↓↓↓

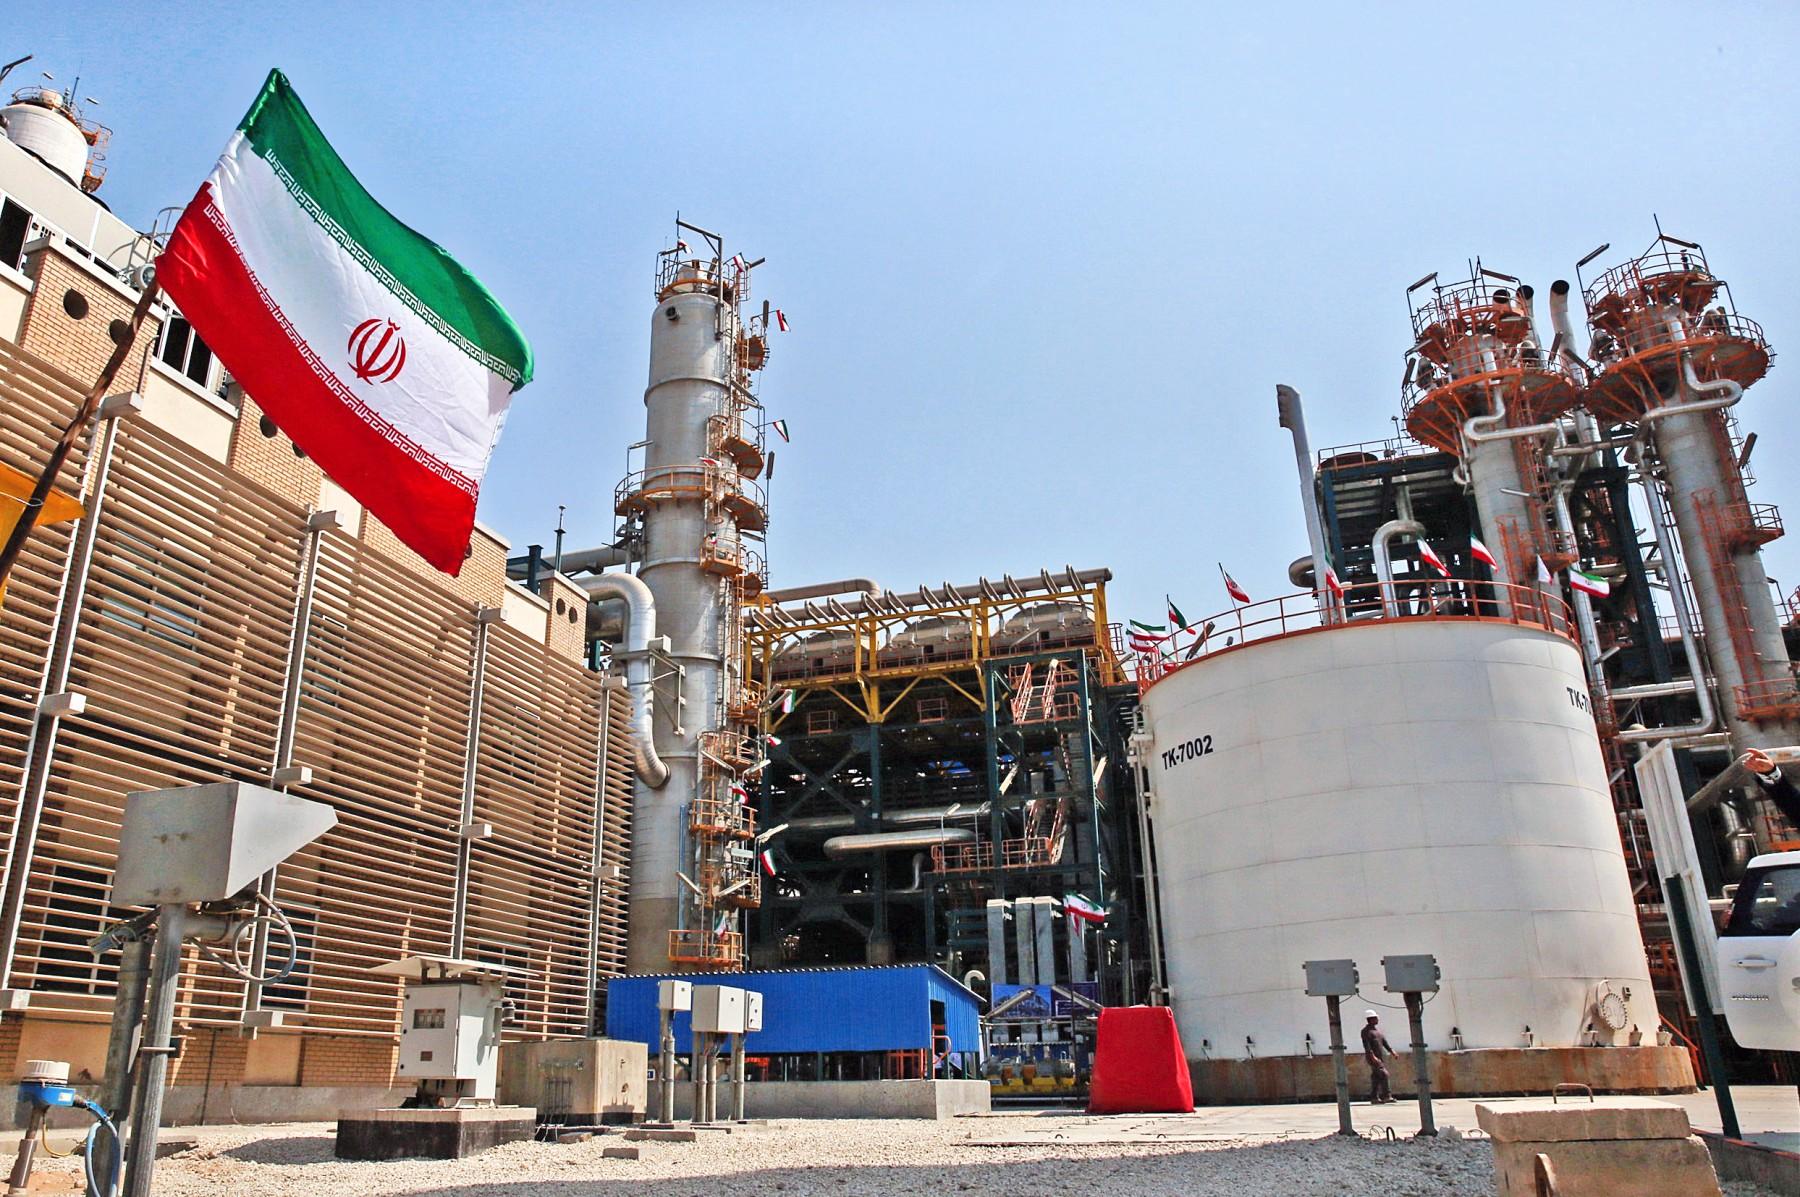 Νέο κοίτασμα πετρελαίου στη Μέση Ανατολή
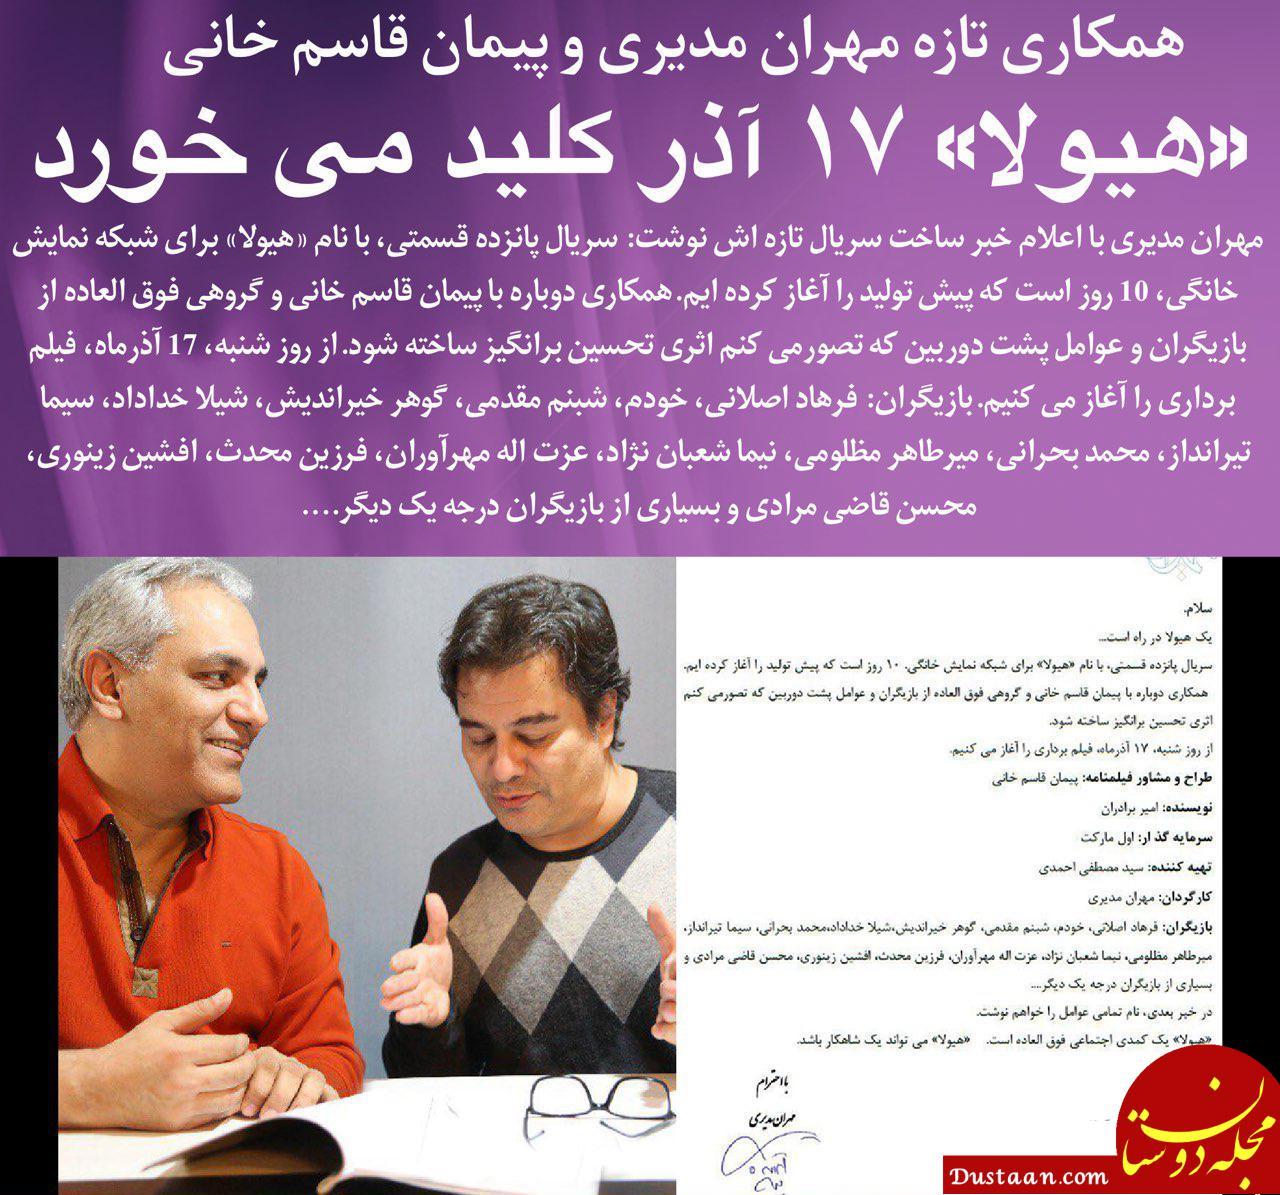 www.dustaan.com همکاری تازه مهران مدیری و پیمان قاسم خانی:«هیولا» ۱۷ آذر کلید می خورد
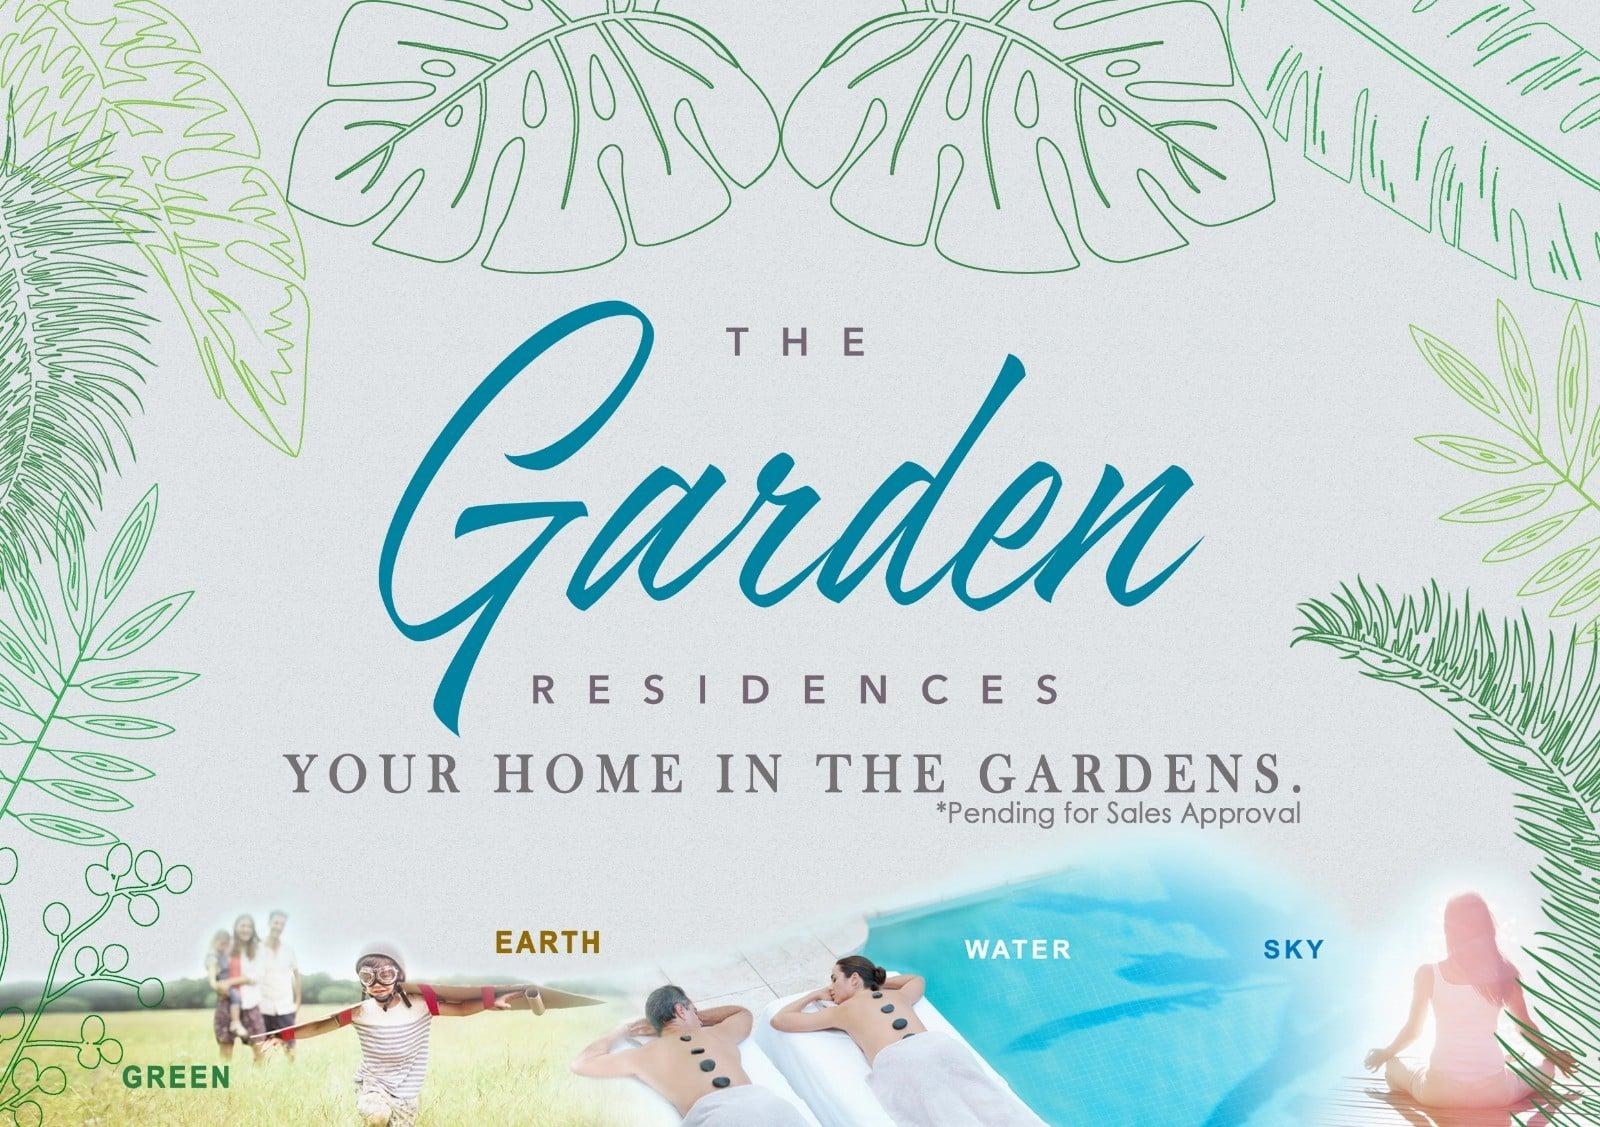 Serangoon The Garden Residences - Concept
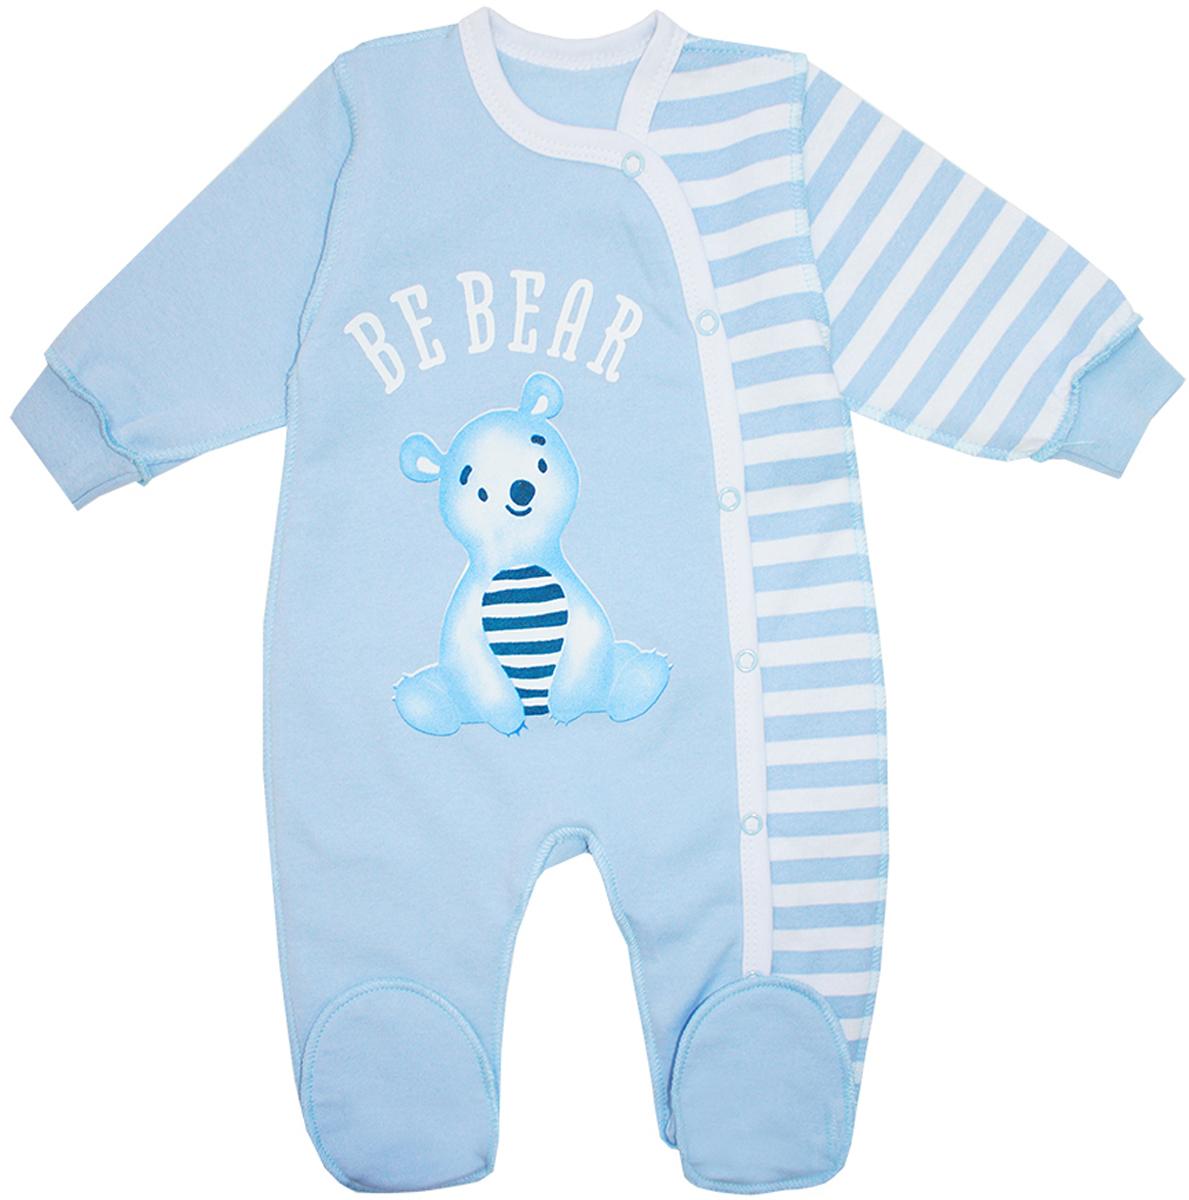 Комбинезон для мальчика КотМарКот Be Bear, цвет: голубой, белый. 6372. Размер 62, 1-3 месяца6372Комбинезон для мальчика КотМарКот Be Bear выполнен из натурального хлопка. Комбинезон с круглым вырезом горловины, длинными рукавами и закрытыми ножками имеет застежки-кнопки спереди от горловины до низа брючины, которые помогают легко переодеть младенца или сменить подгузник. Рукава дополнены эластичными манжетами. Изделие оформлено принтом с изображением мишки.

↑↑↑

All the material shown above is to be copied exactly, with no pictures carried over.

 Νέο κοίτασμα πετρελαίου στη Μέση Ανατολή
 www.dustaan.com همکاری تازه مهران مدیری و پیمان قاسم خانی:«هیولا» ۱۷ آذر کلید می خورد
 Serangoon The Garden Residences - Concept
 Комбинезон для мальчика КотМарКот Be Bear, цвет: голубой, белый. 6372. Размер 62, 1-3 месяца6372Комбинезон для мальчика КотМарКот Be Bear выполнен из натурального хлопка. Комбинезон с круглым вырезом горловины, длинными рукавами и закрытыми ножками имеет застежки-кнопки спереди от горловины до низа брючины, которые помогают легко переодеть младенца или сменить подгузник. Рукава дополнены эластичными манжетами. Изделие оформлено принтом с изображением мишки.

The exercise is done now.